_Description of the task_: Nothing but a verbatim copy of the data, minus the images, should be returned.

_Data segment_:
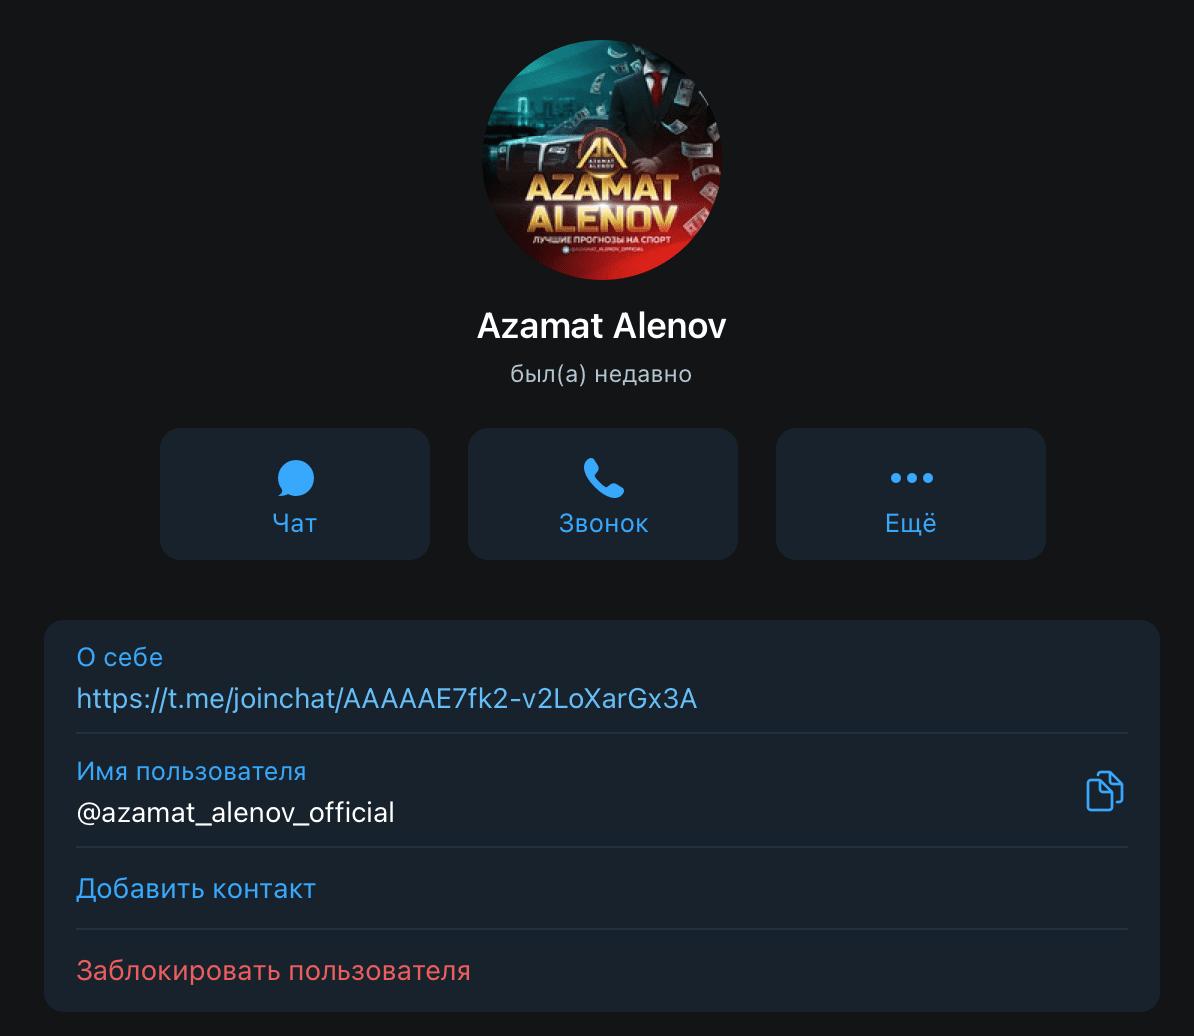 Телеграм канал Азамат Аленов(Azamat Alenov)
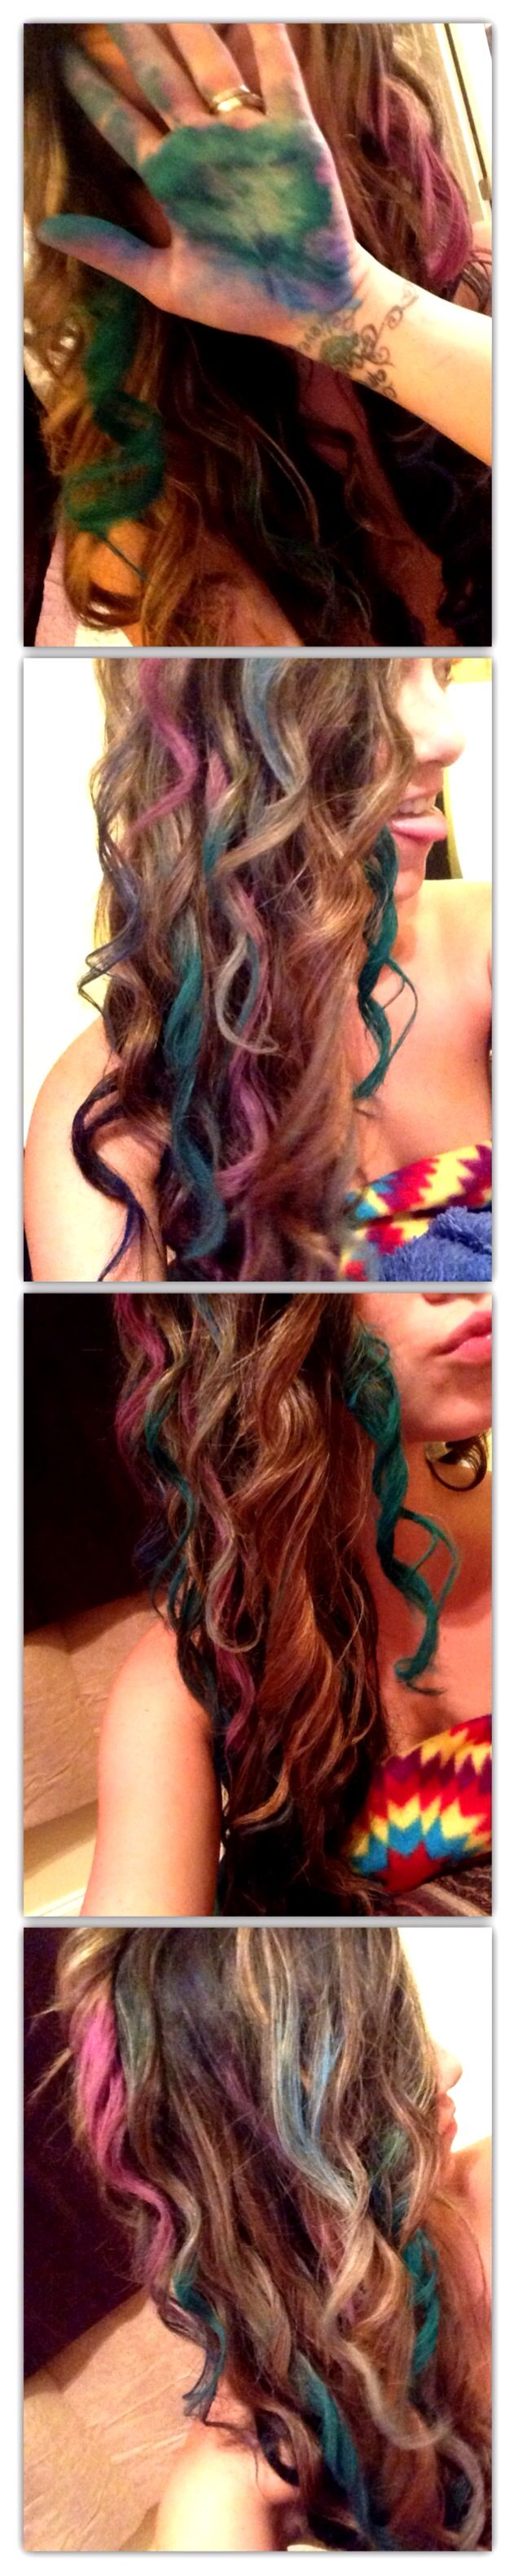 Turquoise Hair Dye Sally Beauty Supply
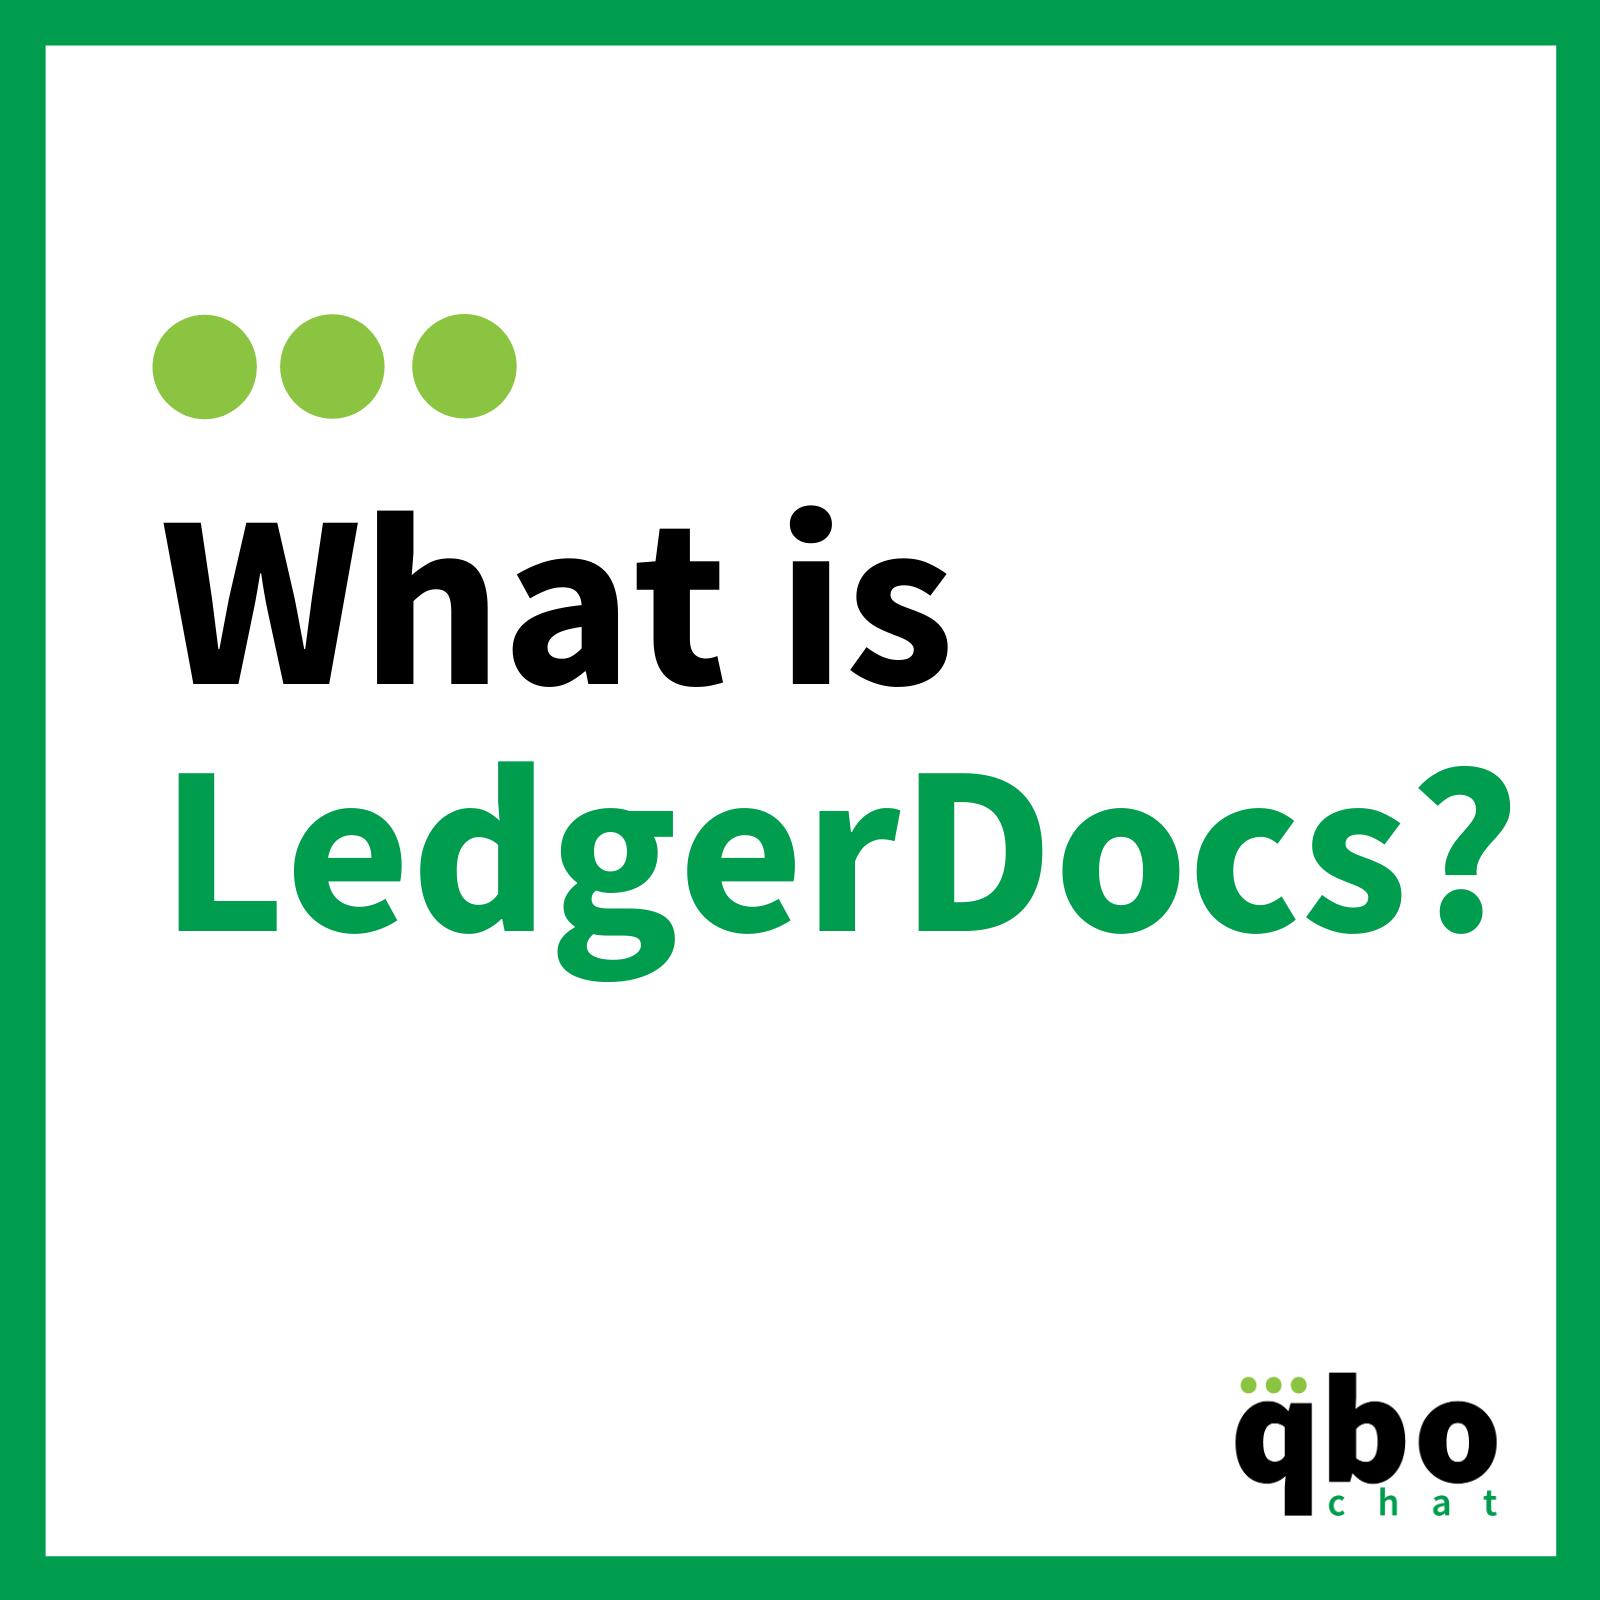 What is LedgerDocs?

_Task response_:
 Телеграм канал Азамат Аленов(Azamat Alenov)
 Turquoise Hair Dye Sally Beauty Supply
 What is LedgerDocs?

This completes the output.